EX-10.19 3 exhibit101910k2016.htm EXHIBIT 10.19 Exhibit
Exhibit 10.19

CENTRAL BANK
SUPPLEMENTAL RETIREMENT AGREEMENT
2008 RESTATEMENT
This Agreement is made effective the 30 day of December, 2008, by and between CENTRAL BANK ("Bank"), a corporation organized under the laws of the State of Minnesota (the "Bank") and Kurt Weise, a resident of the State of Minnesota (the "Employee").
RECITALS
A.Effective January 1, 1997, the Employee and the Bank entered into a non-qualified deferred compensation plan (the "1997 Plan").
B.The Employee and the Bank agree to amend in its entirety (restated) the 1997 Plan to comply with recent law changes including Internal Revenue Code Section 409A.
As a result and in consideration for the agreements contained herein, the parties hereto agree to amend in its entirety the 1997 Plan, effective January 1, 2005 (this restatement hereafter referred to as the “Plan”) as follows:
1.(a)     On January 1, 1997 and each succeeding year following January 1, 1997 that Employee is employed with Bank, the Bank shall accrue a book entry in the Deferred Compensation Account ("DCA") for Employee based on Annual Benefit Accrual column on Schedule A attached hereto and incorporated by this reference.

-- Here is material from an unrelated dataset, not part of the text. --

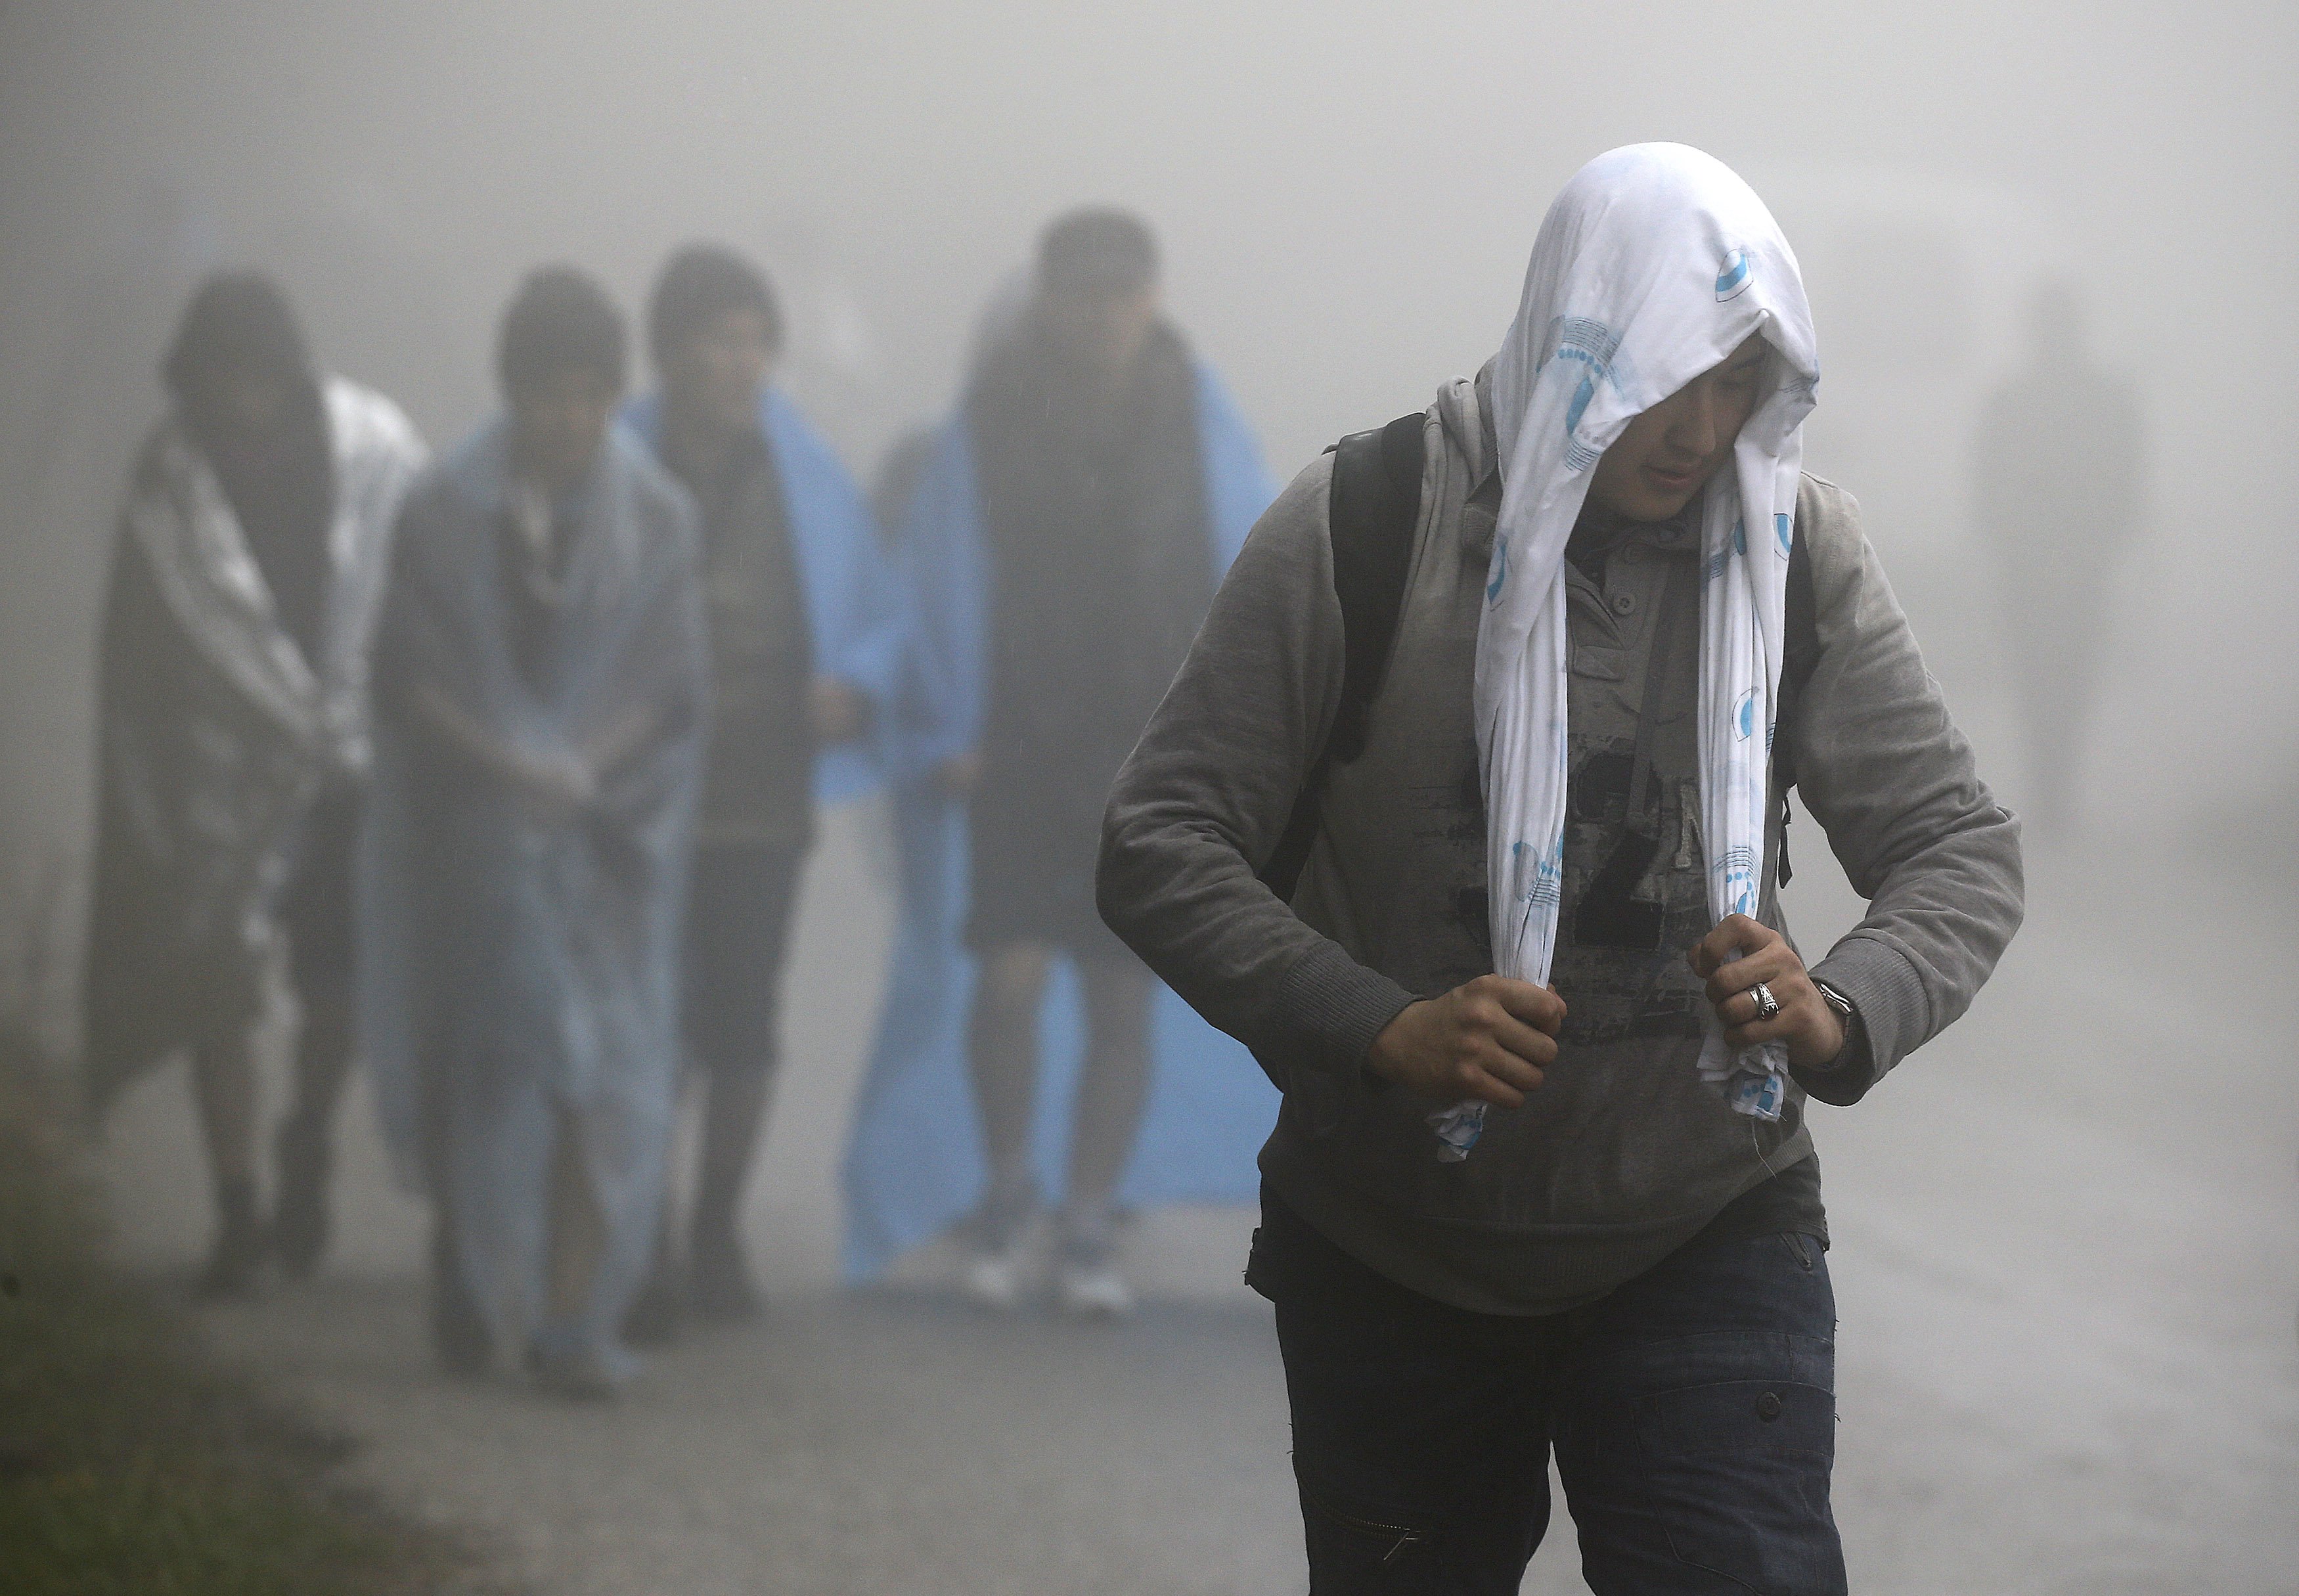 Afghan migrants walk through rain and fog on their way to the nearest registration camp on the Greek island of Lesbos. The world is, once again, in a time of great turbulence, transition and opportunity. Photo: Reuters

(b)For years the Employee is employed by the Bank the DCA balance will be increased per Schedule A. For the years following the Employee’s termination of employment, the DCA balance will be compounded annually at a rate equal to the Three Year U.S. Treasury Constant Maturity Yield for each respective year there is a DCA balance.
(c)The Employee’s DCA will vest at 10% per year effective January 1, 1997.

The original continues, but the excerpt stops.